Но где найти таких святых, богослов Алан Лильский не сказал.
К весне 1212 года трактат Алана Лильского получил широкую известность. Его мысль о безгрешном воинстве подхватили с амвонов многие священники, к внутреннему недовольству Папы Иннокентия III, которому нужен был новый крестовый поход, а не демагогия.
Но собрать войска никак не получалось. И бароны, и простой народ выражали готовность отправиться на восток только на словах, на деле же никто больше не хотел идти умирать под небом Палестины.
В апреле во всех храмах и церквушках Франции состоялся ежегодный ход Чёрных крестов. Вечером на день святого Патрика по всей стране поминали погибших в Святой земле крестоносцев. Богослужения проходили во всех приходах одновременно. После службы из алтарей вынесли высокие деревянные кресты, обвитые чёрной материей, начиналось торжественное безмолвное шествие.
В те времена крестьянам разрешалось носить одежду только из некрашеных тканей. Но в ночь хода Чёрных крестов каждый из прихожан повязывал себе на руку или шею чёрный лоскут. Знатные вельможи полностью одевались во всё чёрное. В эпоху средневековья люди придавали большое значение символике цвета: чёрный цвет одежд означал или скорбь, или верность, или то и другое вместе, как это часто бывает в жизни. Эта ночь создавала иллюзию равенства. Бароны, спрятав лица под глубокими капюшонами, шли в одной процессии рядом со свинопасами, а знатные дамы шествовали вместе с крестьянками, ступая в свете факелов по мощённой булыжником дороге. Светились огоньками поднятые в руках свечи.
В монастыре кармелитов в Париже за плывущими над толпой крестами шли, негромко разговаривая, приор аббатства и его секретарь.
– Люди верят, что с освобождением Гроба Господня наступит век счастья и благоденствия по всем христианским странам, – вполголоса говорил секретарь главе монашеской общины.
– И я в это верю, – улыбнулся приор.
– Но как мы объясним народу неустройство мира, когда Иерусалим будет наш?
– Тогда что-нибудь и придумаем, – вновь улыбнулся приор.
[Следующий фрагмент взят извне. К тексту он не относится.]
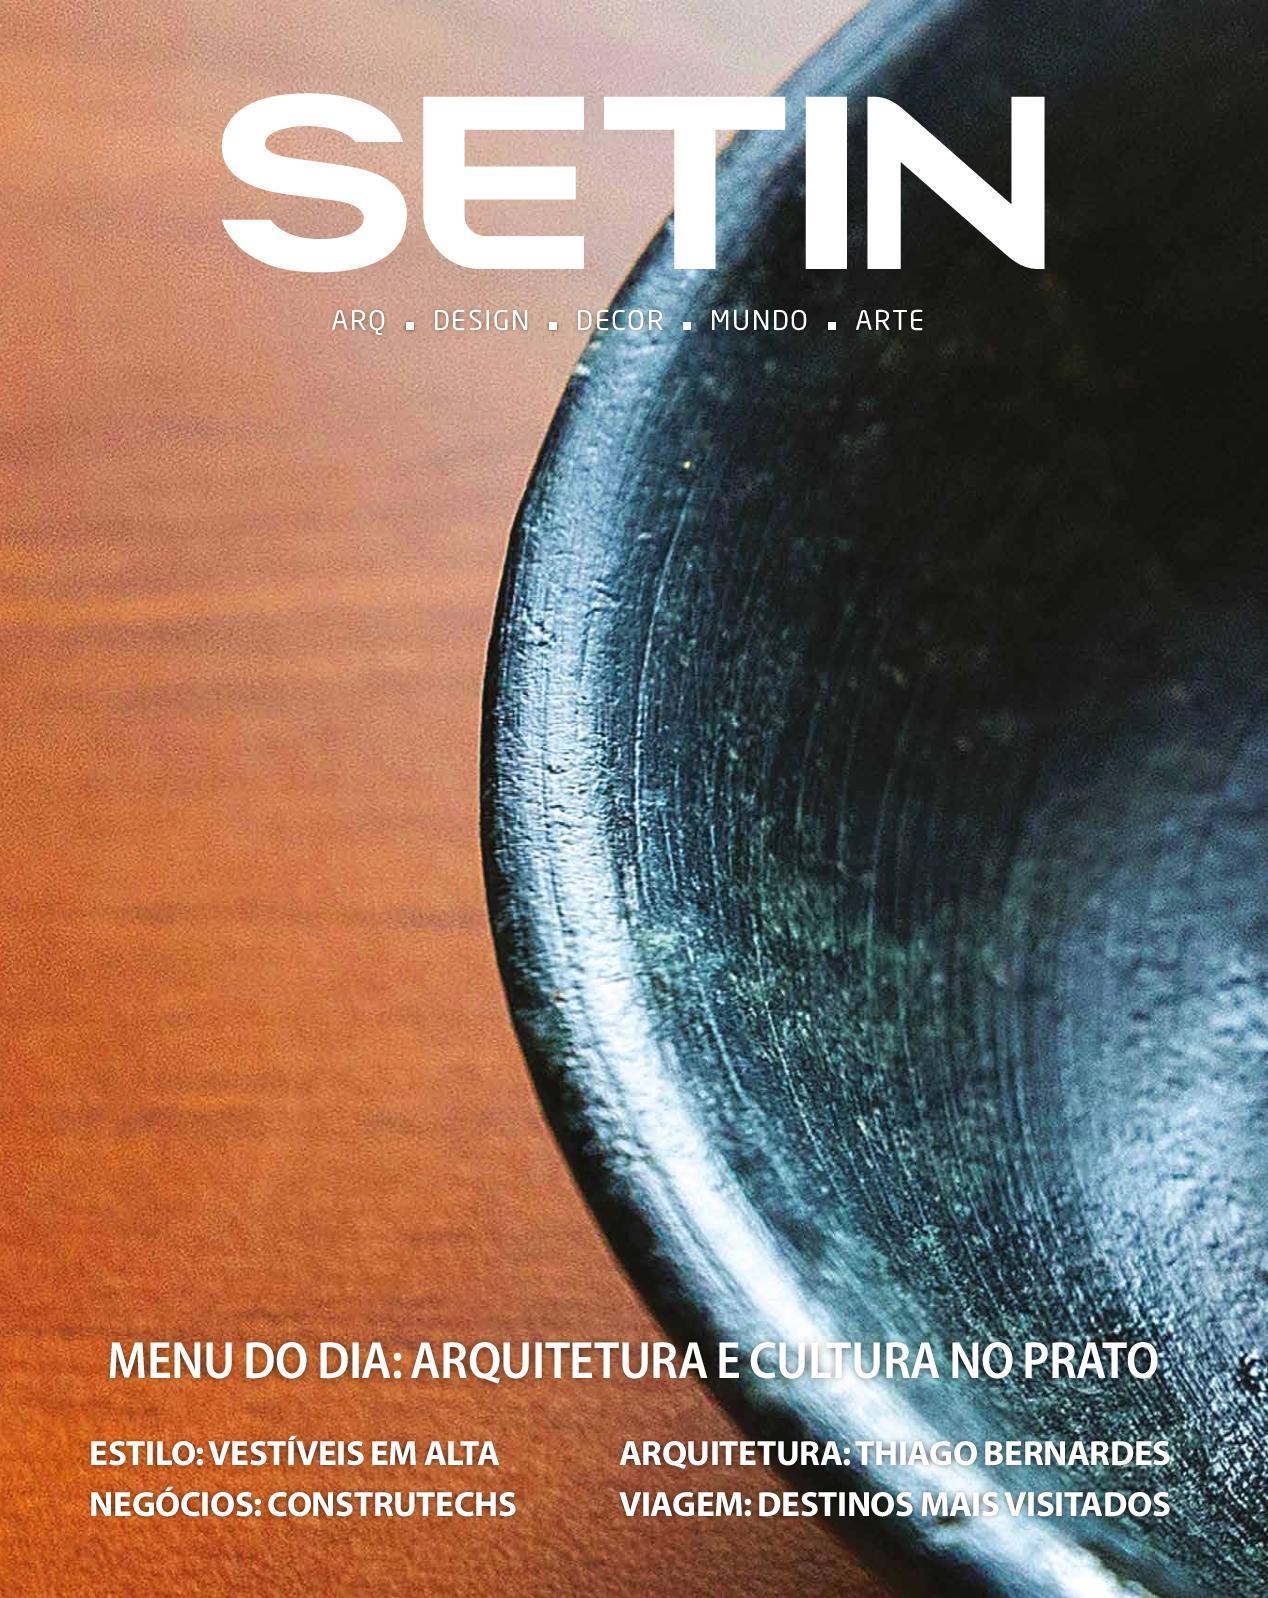 Calaméo - Setin 10 Completa Versão Web 94262c04e5
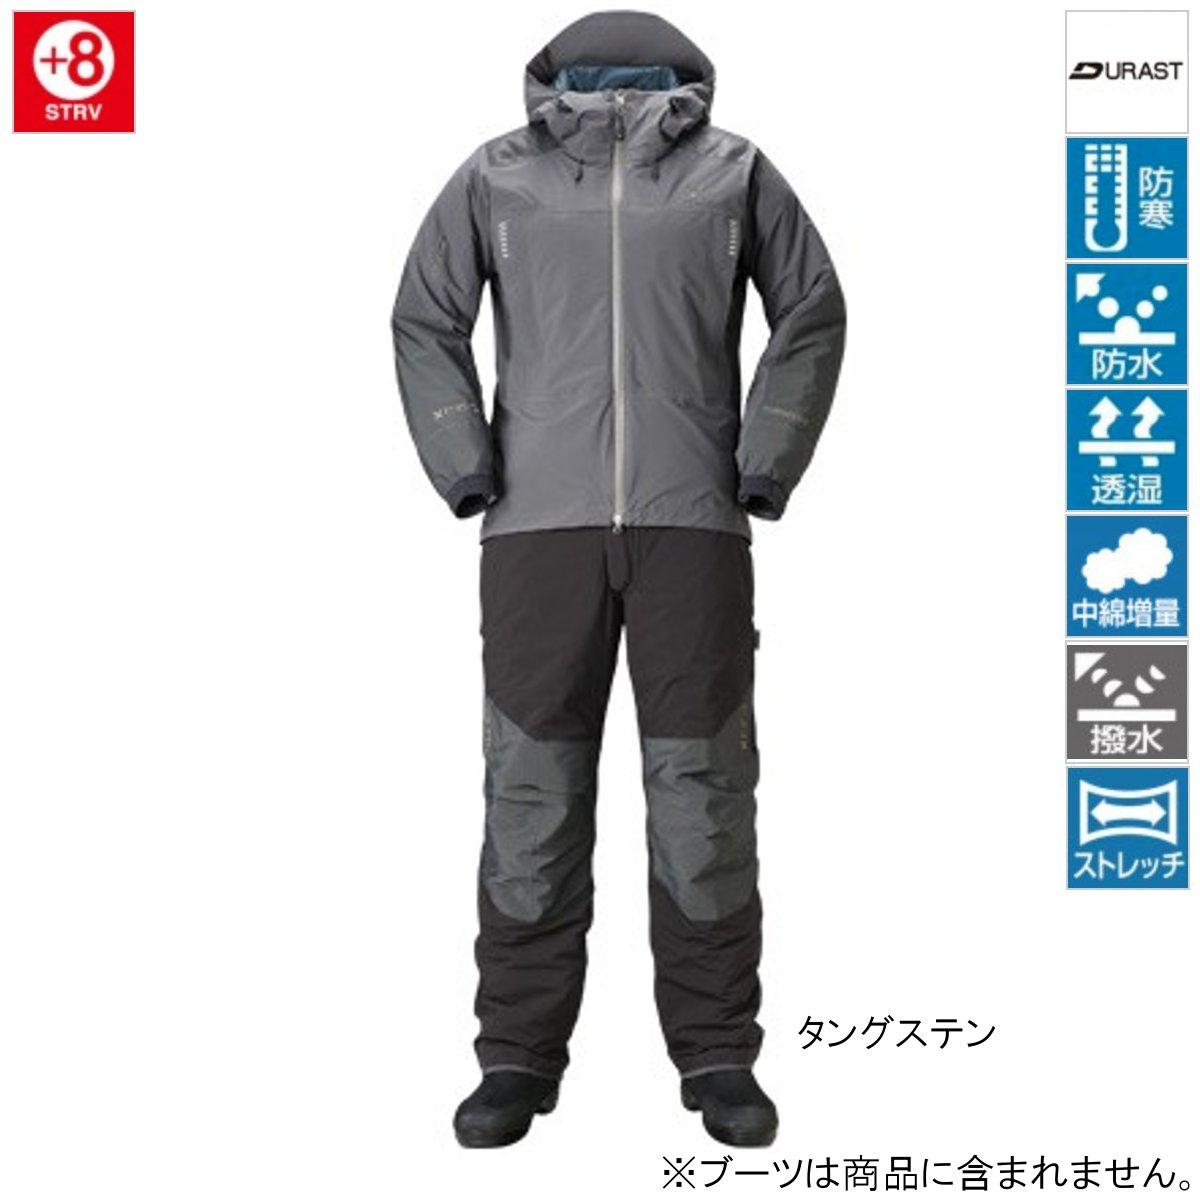 シマノ XEFO ストレッチ ウォームスーツ RB-224R M タングステン【送料無料】

В то же время за тысячу лье от Парижа, в затерянной среди полей и лесов деревеньке Клуа, в конце процессии сельской общины шел одиннадцатилетний мальчик-пастушок по имени Стефан.
Позже летописцы напишут, что ход Чёрных крестов был любимой церковной службой мальчишки, что у него на глаза накатывались слёзы, когда он думал о рыцарях, сложивших свои головы за веру в песках далекой Сирийской пустыни. Так это было или нет – нам уже не узнать.
Селение Клуа – обычная нищая деревушка с грязью на улицах, с соломенными крышами домов и старинной церквушкой, построенной в романском стиле. Мальчик Стефан до своих одиннадцати лет тоже был самым обычным крестьянским ребёнком, сельским пастушком с мечтательными светло-карими глазами.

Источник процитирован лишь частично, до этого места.